La historia de un Historiador

La historia de un Historiador

Un viaje por el trayecto de decisiones y un momento de luz a través de la orientación vocacional de la especialista Denisse Castro.

Y como bien nos enseñó Gertrude Stein (escritora y mecenas que impulsó la carrera de artistas como Pablo Picasso y Matisse), tal vez nos confundimos cuando creemos que nacimos para ser siempre el navegante y no saber las virtudes de ser la corriente, el mar y el viento que lo lleva a su destino.

Él, desde la tensión que genera la toma de decisiones vitales, trata de recordar un momento en que fue feliz. Se puede creer que fue en el instante en el que se dio cuenta de que los negocios eran una manera de conquistar el mundo. Desde esa premisa, comenzó a buscar su camino por distintas vías. La universidad UNIBE fue su primera opción, pero para su sorpresa la carrera que escogió, Administración de Empresa, fue una decepción, no le gustaba para nada.

Creyendo que el sistema era el responsable de su falta de entusiasmo, aprovecha la facilidad que tiene para viajar a Austria. Pero también aquel intento resultó un desastre total, termina peleando constantemente con el sistema, con el idioma y el modo de vida de aquel lugar. Solo un factor de cambio se veía venir en esos días y era su facilidad para socializar con los grupos más susceptibles, en este caso los Árabes, que incluso eran temidos.

Pero todo seguía igual de desconcertante. En ese país reprueba la Contabilidad y se empeña en pensar que los profesores tenían algo en su contra y se empecinó en seguir con la carrera, a pesar de las señales de alto. La pesadez en esos momentos era insoportable para él. Y la confianza individual y colectiva comenzó a quebrantarse de nuevo. Sus padres ya no creían en él, algo que le agobiaba, pues siempre tenía en su mente el fuerte deseo de cumplir las expectativas que ellos depositaron en él.

Y así fue como un día nos sentamos. Comenzamos a explorar en su mente y corazón buscando cuál era su fuente de felicidad. Como Asesora Vocacional sé que muchas veces esa información se encuentra muy oculta detrás de muchas trabas y falsas interpretaciones de lo que debemos hacer con nuestras vidas. Observando sus aptitudes comenzamos a dar en el clavo.

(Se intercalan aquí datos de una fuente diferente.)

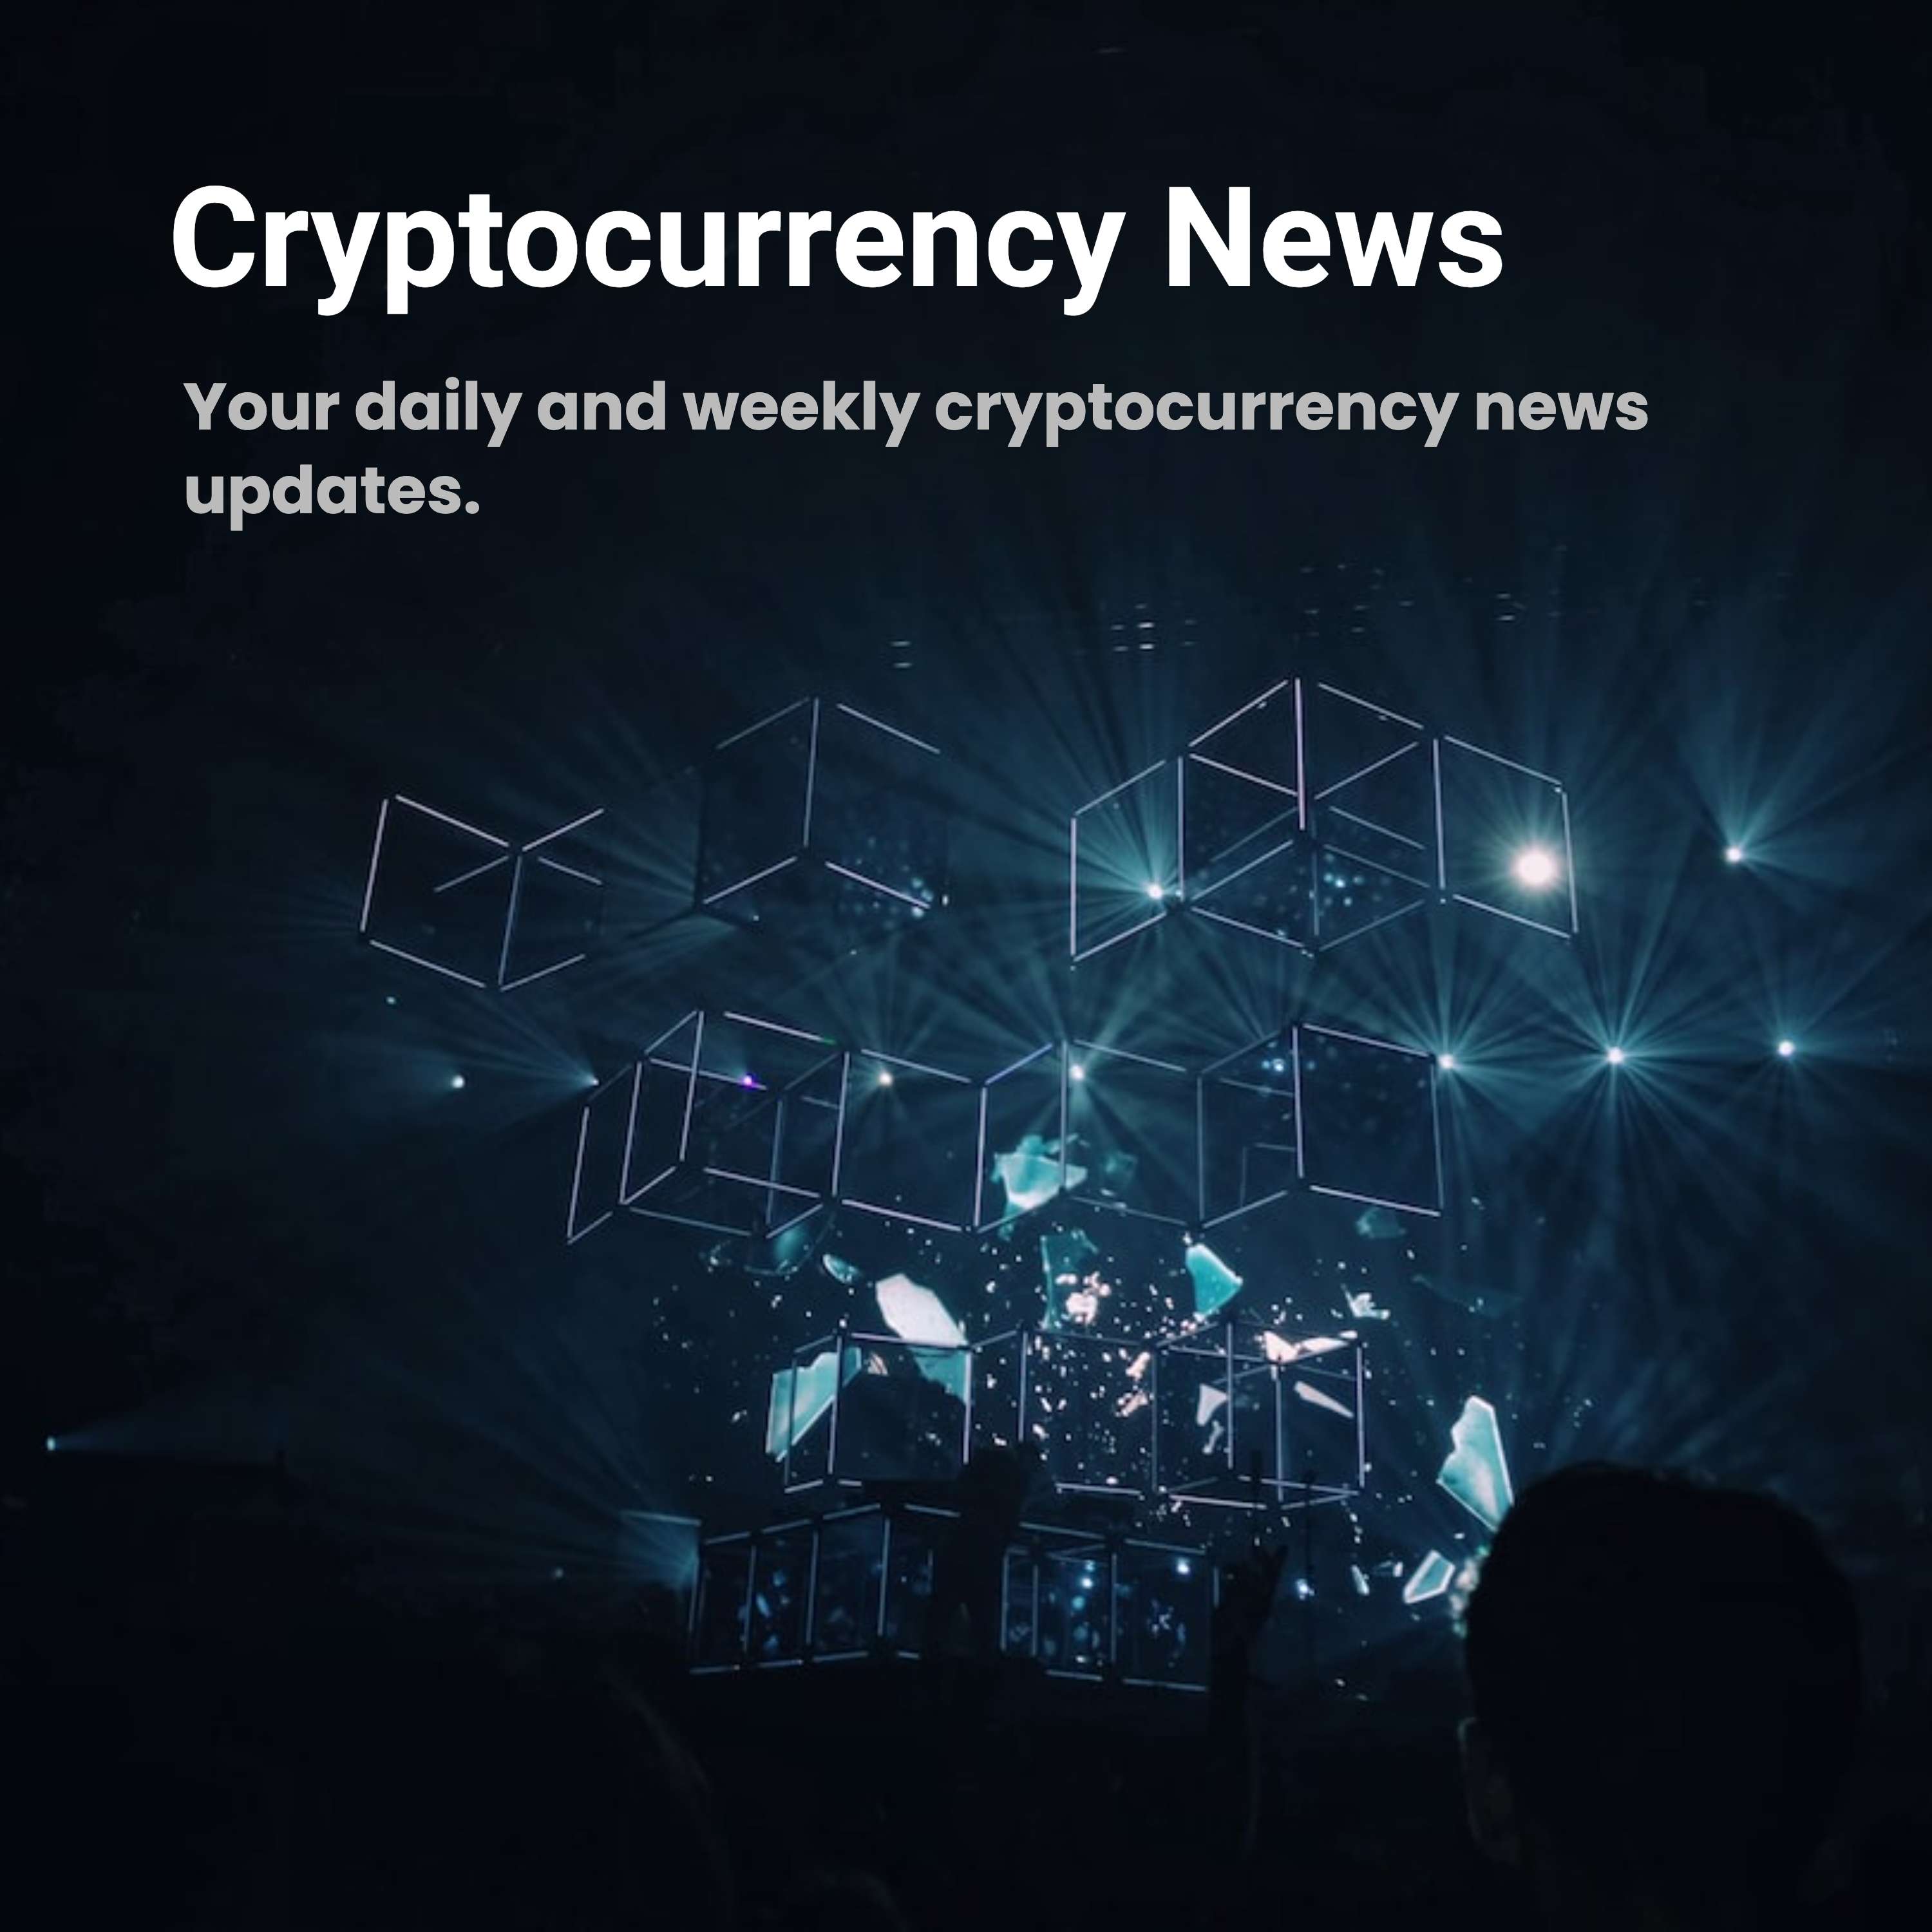 Daily Cryptocurrency News

Resulta que le gustaba mucho investigar, leer, meterse en garajes a buscar piezas y hallazgos inusitados. Vimos que con apenas 15 años tuvo la oportunidad de trabajar para El Archivo General de la Nación, época que disfrutó más que nada. La búsqueda seguía y comenzamos a aprender de sus verdaderas aficiones. Resulta que ama las biografías, allí, en el Archivo General, amaba explorar y leer libros, buscar reportes antiguos, escavar en lo más profundo de aquellos anaqueles y explorar hasta el cansancio. Y por fin damos con una repuesta.

Tú amas explorar, ¡deberías dedicarte a ser historiador!

Pero su respuesta fue una de tantas mentiras que por falta de guía no nos permiten avanzar en muestras vocaciones. Temía morirse de hambre porque, según él y los que estaban a su alrededor, esas profesiones no llegan a nada o bien pagan muy poco, pues la única vía de ejercerlas es el mal pagado Magisterio.

Y ésta es la parte en que rompemos los mitos. Comenzamos a indagar, utilizando los tests especiales, cuáles eran las ramas de aplicación de esta carrera. Exploramos sus aptitudes en donde encontramos también una fuerte inclinación a la capacidad de persuasión, de allí su confusión de creer estar inclinado a los negocios, por eso de que vender es persuadir.

Es así como todo tomó forma. Comenzamos a ver que tanto su vocación de historiador como su capacidad de persuasión iban muy bien de la mano. Y así comenzó a visualizar los proyectos que emprendería. Las grandes oportunidades que tiene con empresas importantes (como bancos, galerías, museos, edificaciones arquitectónicas de alto nivel) para ser quien guíe la compra de arte, la edificación de obras artísticas con importancia histórica, y muchos otros contextos en que podía desarrollar su pasión.

Y como ven esta es la historia de un historiador persuasivo que emprenderá el trayecto de su vida con amor y entrega por su vocación.

Basado en una historia real dentro de las consultas y casos de Denisse Castro, Asesora Vocacional.